Мы переходили от метки к метке, от прутика к прутику, подбирали семена и клали их в бумажные мешочки — семена нельзя класть в нейлон, они в нем плесневеют, — и внутрь мешочков вкладывали записки с названиями. Дедушка Зеев узнавал семена и плоды всех растений с той же легкостью, с какой узнавал их цветы, но делал это так, чтобы и мы учились и узнавали. Иногда он даже устраивал нам викторины — раскладывал на столе разные семена и требовал, чтобы мы называли, к каким растениям они относятся: лилово-коричневые семена цикламена, которые, даже высохнув, сохраняли следы аромата, и семена анемона, завернутые в пух, который разносит их по ветру, и семена лютика, этакие золотистые крошки, которые нужно помять между ладонями, чтобы отделить от конца стебля, и желтовато-скользкие семена голубого василька, которые выскакивают из сухого плода, когда его сжимают между пальцами, и семена льна, тоже скользкие и маслянистые, но меньше и темнее, и семена морского лука, похожие на мелкие черные крошки. И как отличить семена мака от семян львиного зева, семена шафрана от семян гладиолуса и агростемму обыкновенную от агростеммы изящной, семена которых почти одинаковы, хотя у второй — ядовиты.

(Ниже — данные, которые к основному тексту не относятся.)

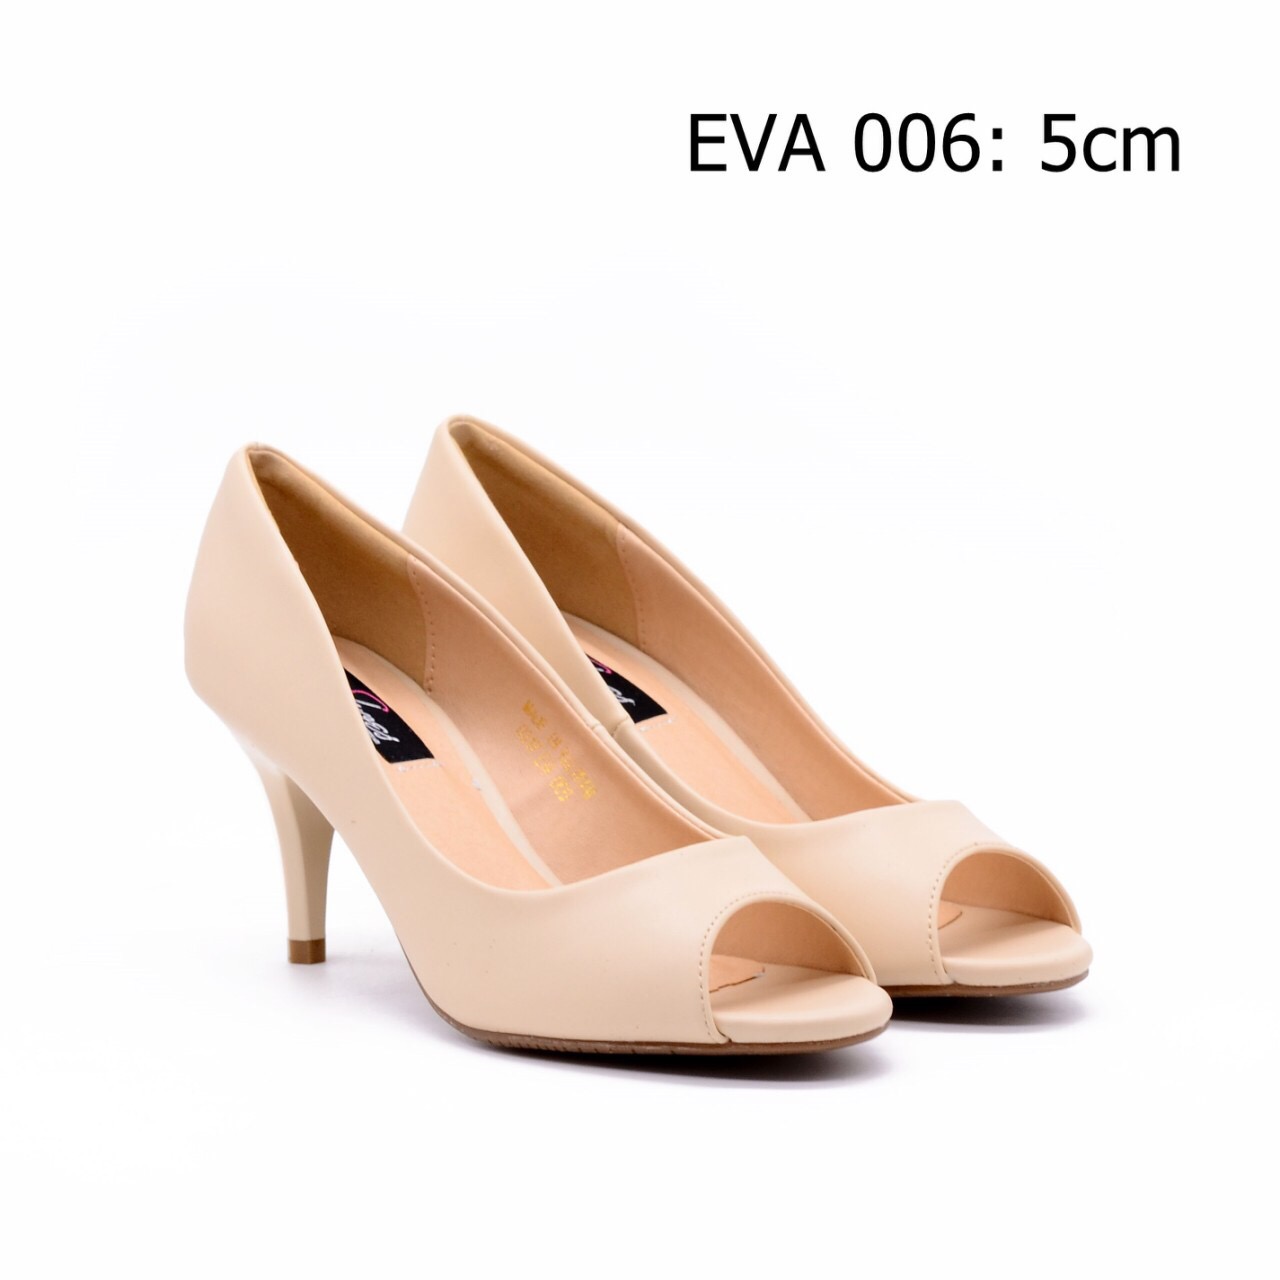 Giày hở mũi EVA006 cao 5cm

В конце такого похода по вади мы возвращались к дедушкиному большому харуву, который каждый раз заново удивлял нас тем, какой он большой, густой и зеленый, усаживались поесть в его тени, и дедушка Зеев объяснял нам, что в природе большое значение имеют случай и удача. Слой земли на горе очень тонкий и скудный, порой — всего несколько сантиметров толщины, а под ним — меловые скалы. Но этому харуву подыграл случай — так он сказал, — и он пророс в хорошем месте, в глубокой земле, а русло вади доставляло ему много воды и каждый зиму прибавляло еще немного земли. Большие скалы вокруг него не подпускали к нему коров и крапиву, которые имеют обыкновение собираться под такими большими харувами и оставлять большие кучи навоза на земле и жгучие пузыри на коже. Дедушка Зеев говорил, что только в мошавах и кибуцах думают, будто у коровьего навоза хороший запах, и даже прославляют его в песнях. У нас в поселке выросли настоящие крестьяне, и они хорошо знают, что всякое дерьмо воняет, даже если это навоз социалистических телят и сионистских коров.

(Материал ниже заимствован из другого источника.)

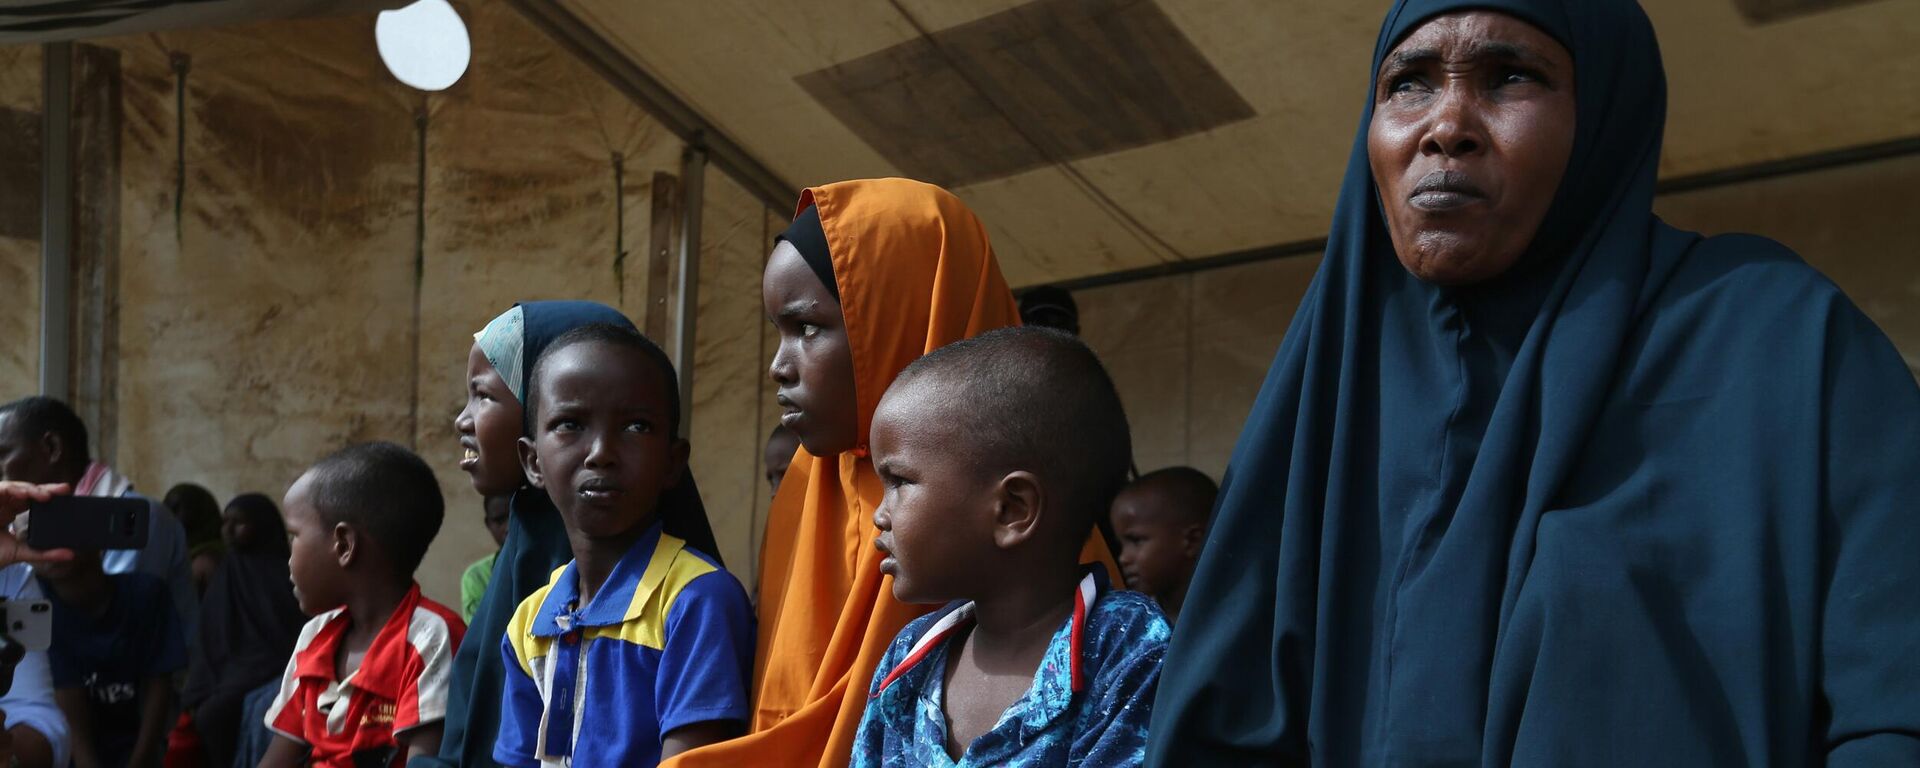 Женщина и дети из Сомали, находящиеся в лагере беженцев в Дадаабе, Кения, 12 апреля 2018 года  - Sputnik Latvija, 1920, 25.04.2022

Мы нередко находили там окурки, золу костра, следы незваных гостей. Довик сердился: «Кто им разрешил сидеть под нашим харувом?!» Но дедушка Зеев проявлял в таких случаях неожиданную снисходительность: они, вероятно, не знали, что этот харув наш, говорил он и даже похваливал костры этих неизвестных людей за то, что они маленькие, аккуратные и разложены точно на остатках своих предшественников. Это говорит о том, что эти люди в полном порядке, выносил он свой приговор и добавлял, что харув принадлежит не только нам и им, но также птицам, в нем живущим, и муравьям и козам, которые едят его плоды, и даже змеям и ящерицам, живущим между скал в его тени.
Он собирал несколько хворостинок, учил нас разводить огонь и разжигал маленький костер точно на том месте, где другие разжигали ему подобные. Довик тут же усаживался на «царском троне», но дедушка заставлял его немного подвинуться и дать мне сесть рядом.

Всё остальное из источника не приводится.